**Material to process**.
::::::

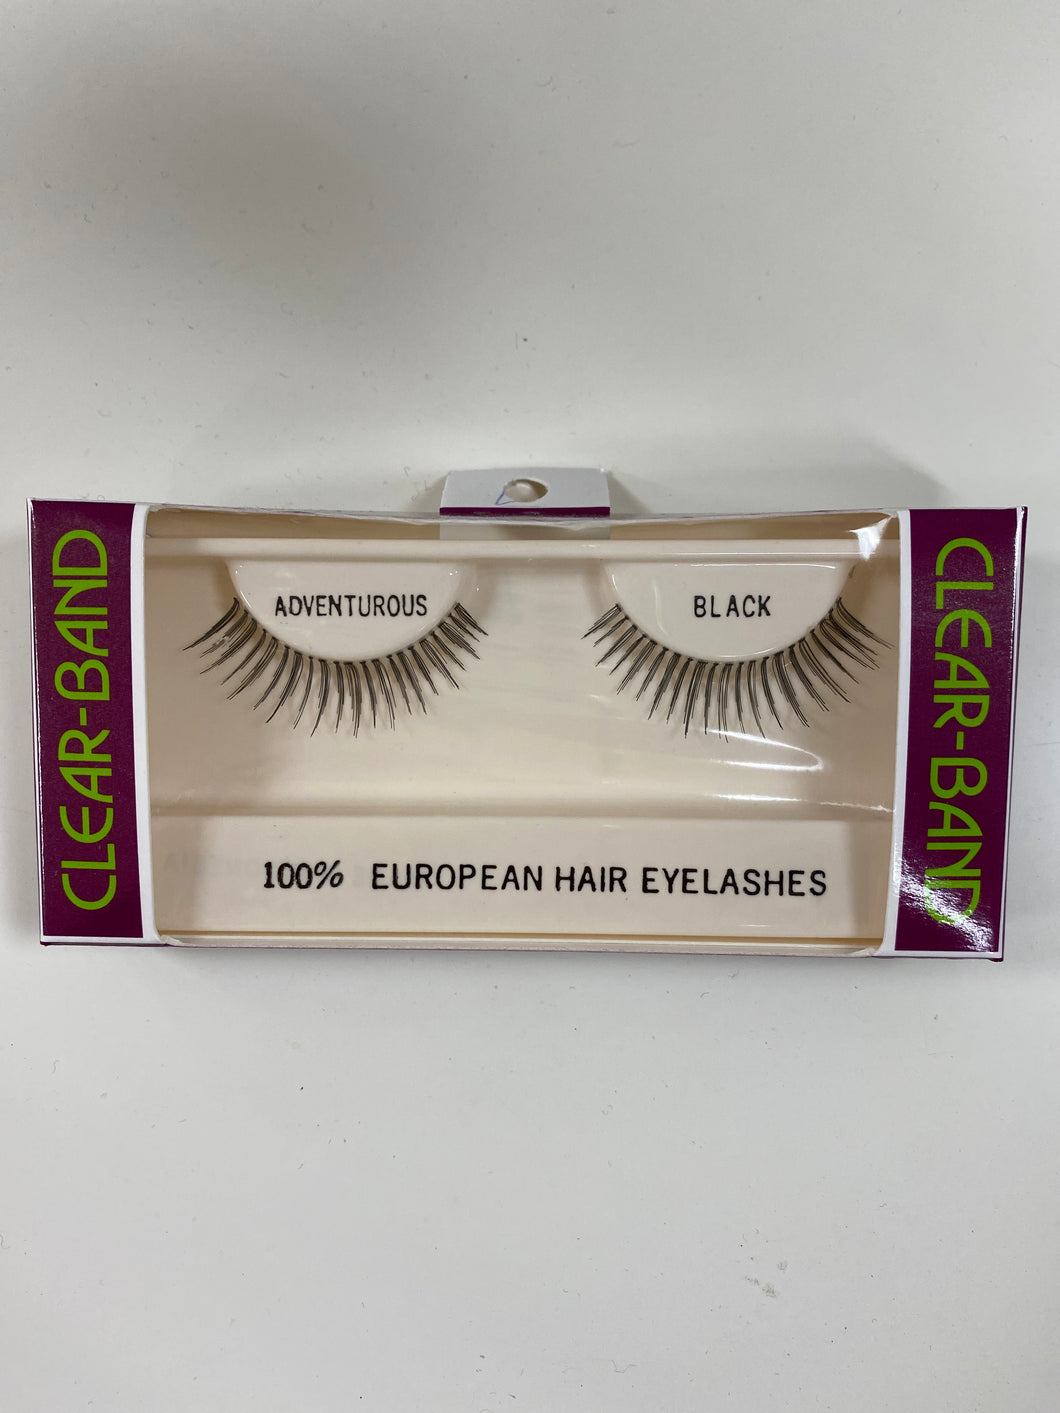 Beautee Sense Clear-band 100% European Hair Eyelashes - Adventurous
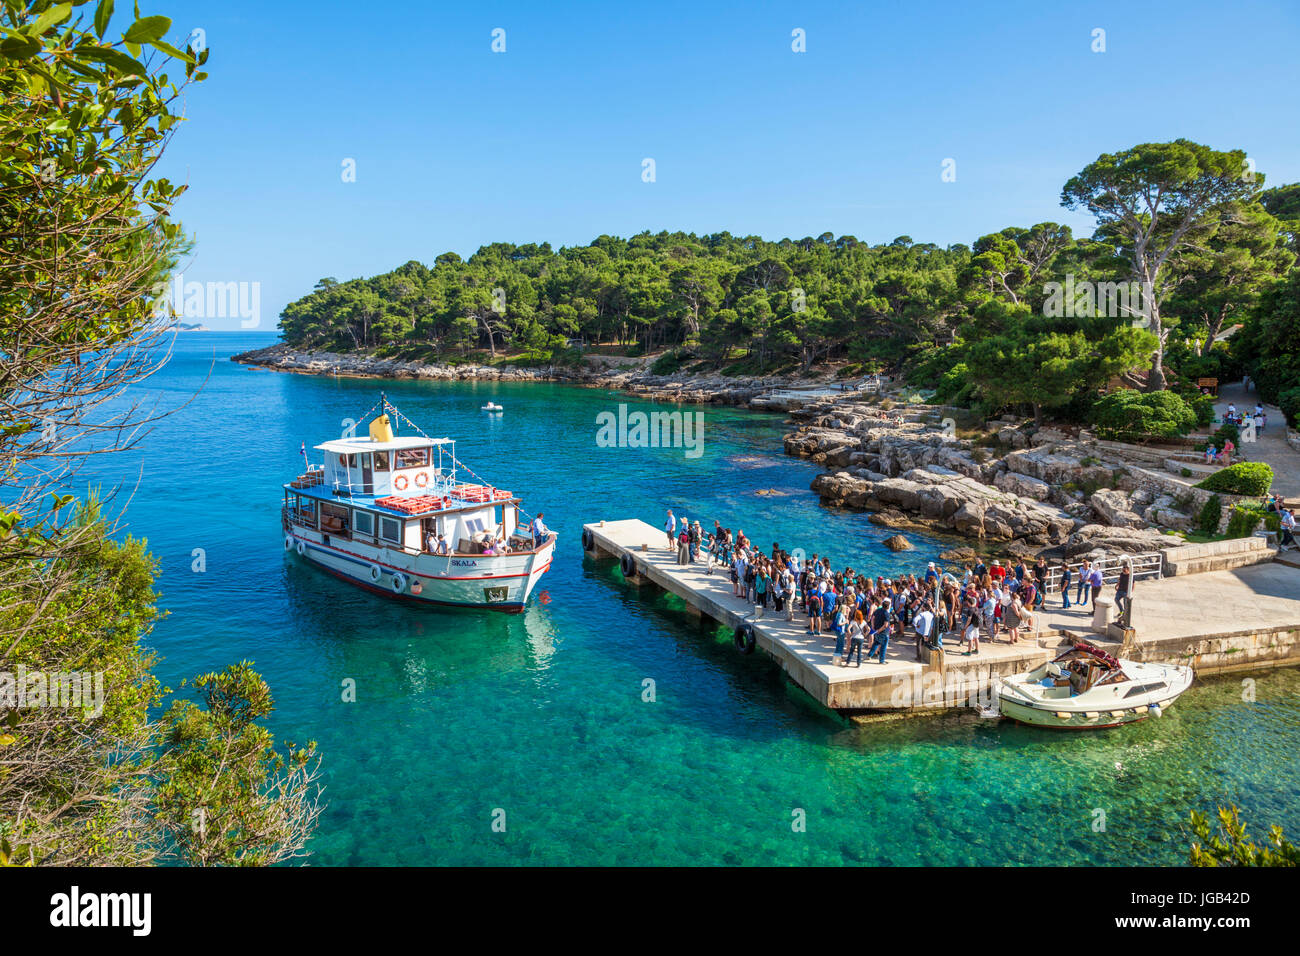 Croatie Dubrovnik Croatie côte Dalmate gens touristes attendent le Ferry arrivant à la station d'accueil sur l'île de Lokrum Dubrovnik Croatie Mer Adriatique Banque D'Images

::::::

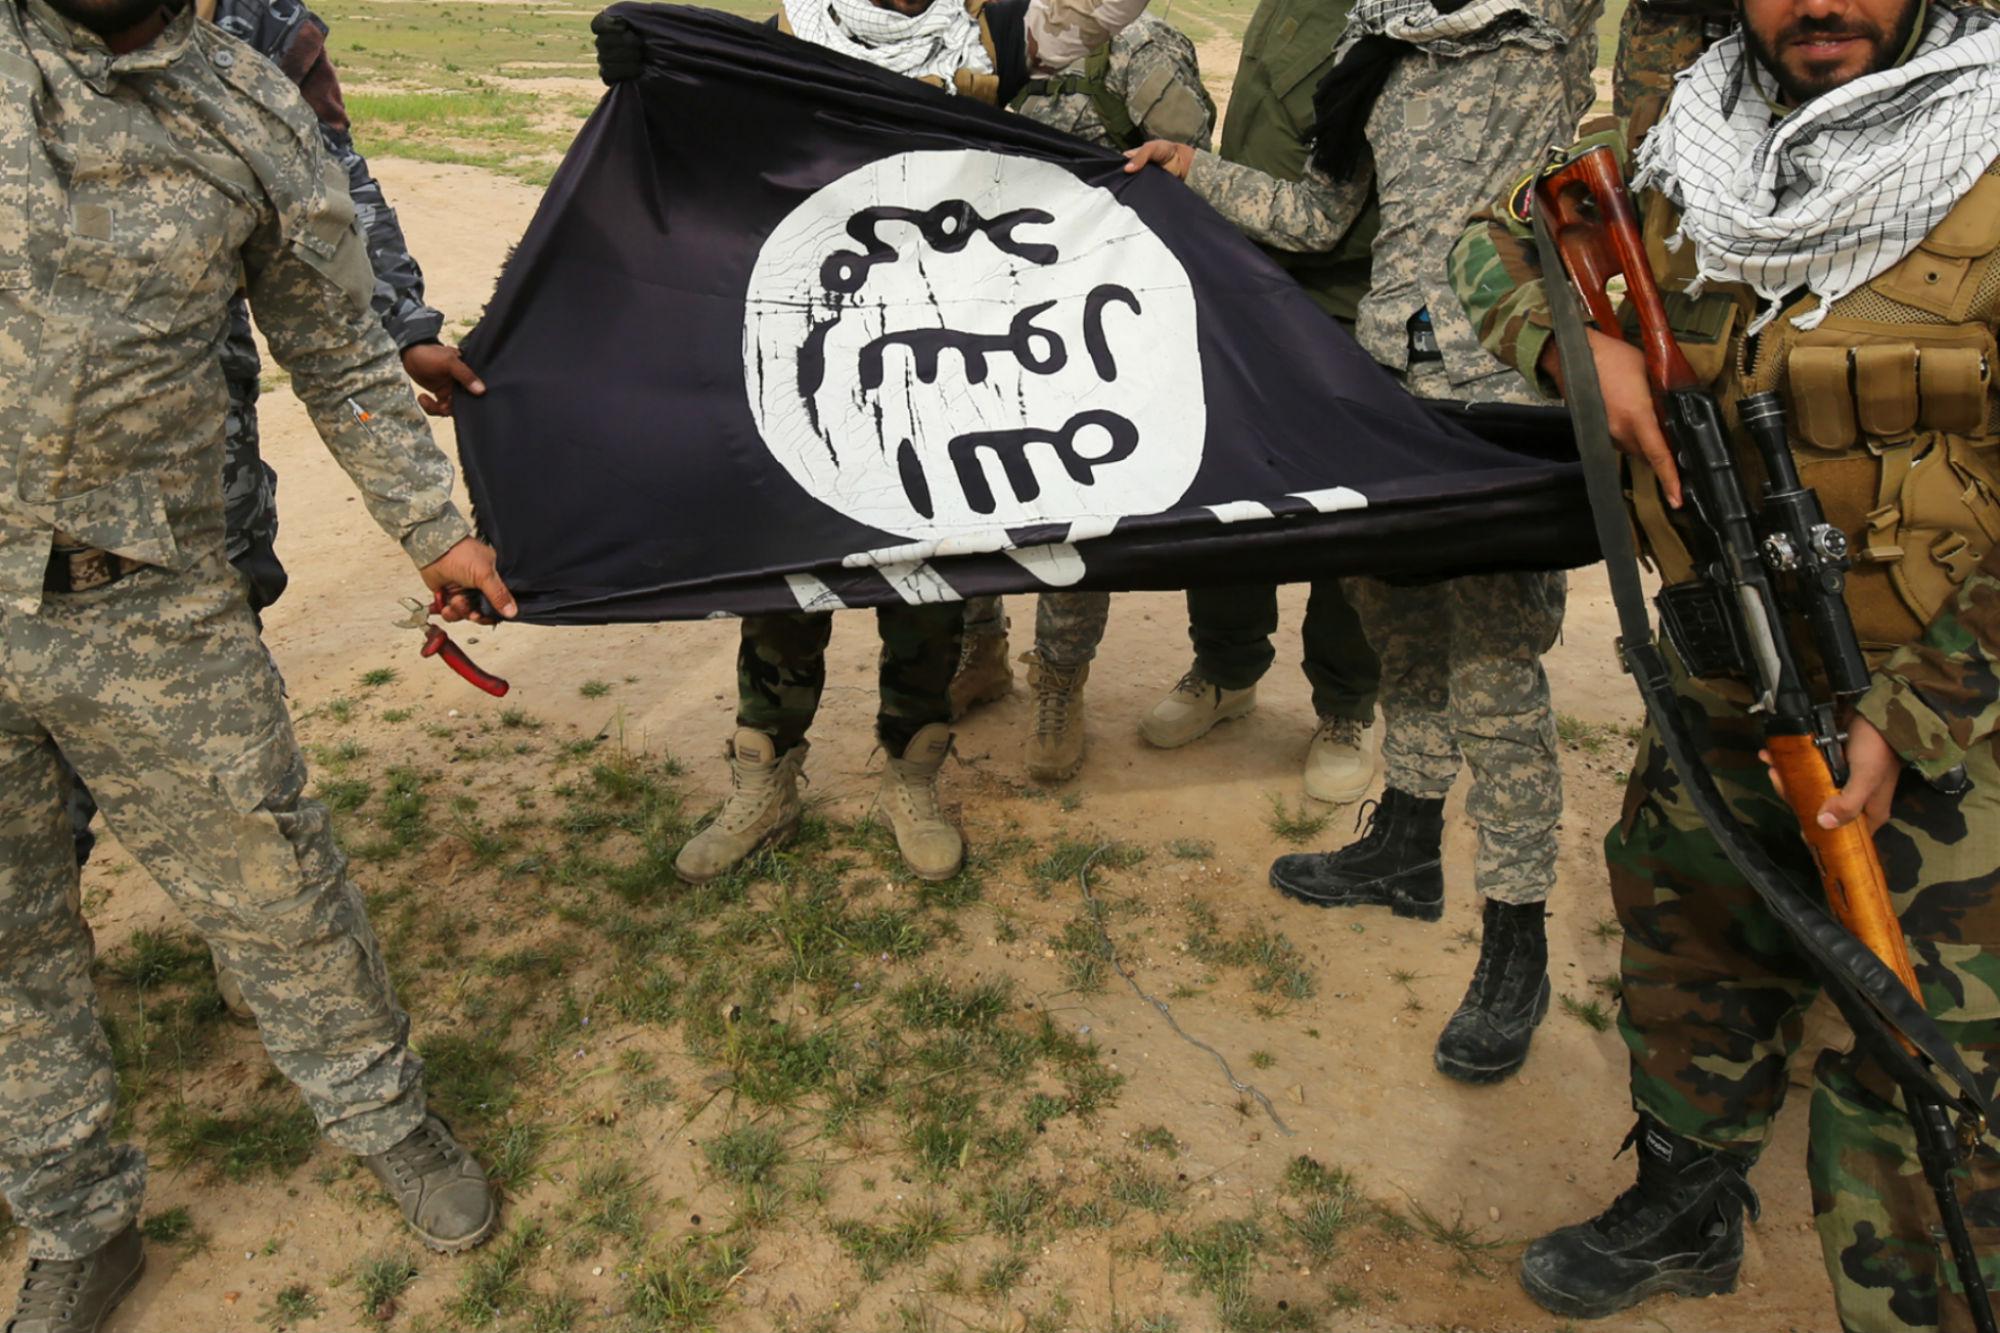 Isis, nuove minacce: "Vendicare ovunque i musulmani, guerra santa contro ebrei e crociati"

::::::

Print exactly the lines above that run from the one with "Beautee Sense Clear-band" down to the one with "Croatie Dubrovnik Croatie", and omit the pictures.

**Result of the task**.
 Beautee Sense Clear-band 100% European Hair Eyelashes - Adventurous
 Croatie Dubrovnik Croatie côte Dalmate gens touristes attendent le Ferry arrivant à la station d'accueil sur l'île de Lokrum Dubrovnik Croatie Mer Adriatique Banque D'Images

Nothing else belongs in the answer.